Go-Set
- Go-Set logo 1969–1972
- Former editors: Tony Schauble Phillip Frazer Doug Panther Jon Hawkes Colin James Piotre Olszewski Ed Nimmervoll Jenny Irvine
- Categories: pop music
- Frequency: Weekly
- Publisher: Go-Set Publications Waverley Press Sungravure IPC
- First issue: 2 February 1966
- Final issue: 24 August 1974
- Country: Australia
- Based in: Malvern, Victoria, Australia St Kilda Carlton Sydney, New South Wales

= Go-Set =

Australian pop music newspaper

Go-Set was the first Australian pop music newspaper, published weekly from 2 February 1966 to 24 August 1974, and was founded in Melbourne by Phillip Frazer, Peter Raphael and Tony Schauble.

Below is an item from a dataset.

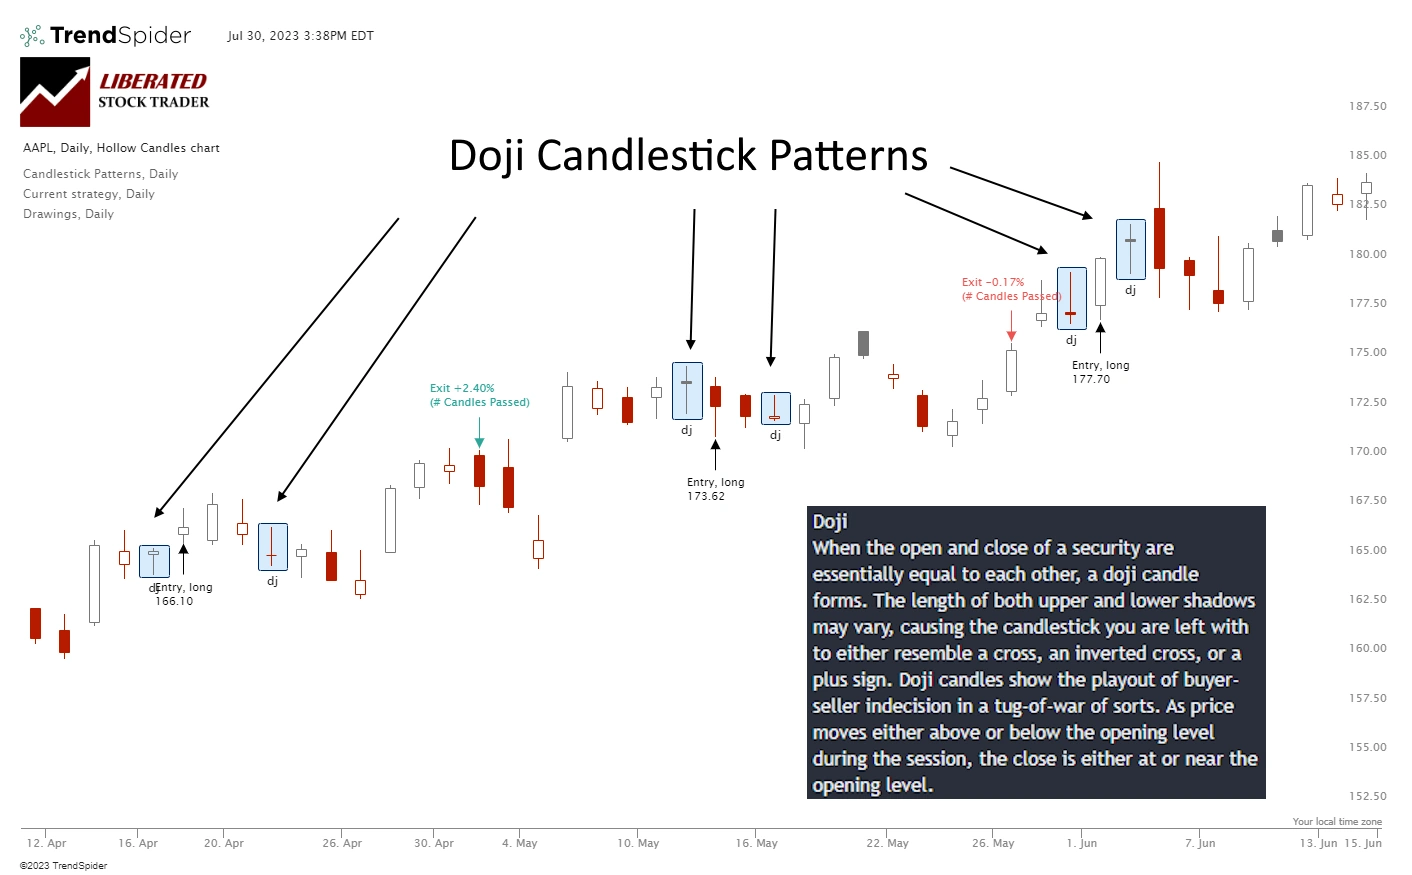 Doji candles indicate market indecision, which could signal potential trend reversals or continuation, depending on the recent price action.

Widely described as a pop music "bible", it became an influential publication, introduced the first national pop record charts and featured many notable contributors including fashion designer Prue Acton, journalist Lily Brett, rock writer / band manager Vince Lovegrove, music commentator Molly Meldrum, rock writer / music historian Ed Nimmervoll and radio DJ Stan Rofe. It spawned the original Australian edition of Rolling Stone magazine in late 1972.

==History==
===Foundation: 1964-1967===

1st issue, 2 February 1966

In 1964, Monash University student newspaper Chaos co-editors, John Blakeley, Damien Broderick and Tony Schauble, renamed the paper Lot's Wife. Phillip Frazer was a staffer and later became co-editor with future parliamentarian Peter Steedman. Late in 1965, Schauble, Frazer, Broderick, and another student writer, Doug Panther, discussed ideas to make money during the holidays including the idea to create a teen-oriented pop music newspaper. Local rock group The Mood's manager, Peter Raphael, joined Frazer and Schauble and together they founded Go-Set Publications. Raphael brought in photographer Colin Beard and advertising manager Terry Cleary. Waverley Press, which owned Waverley Offset Printers, had printed Lot's Wife, and agreed to print Go-Set on credit. Schauble, Frazer and Panther produced the newspaper from their home in the Melbourne suburb of Malvern.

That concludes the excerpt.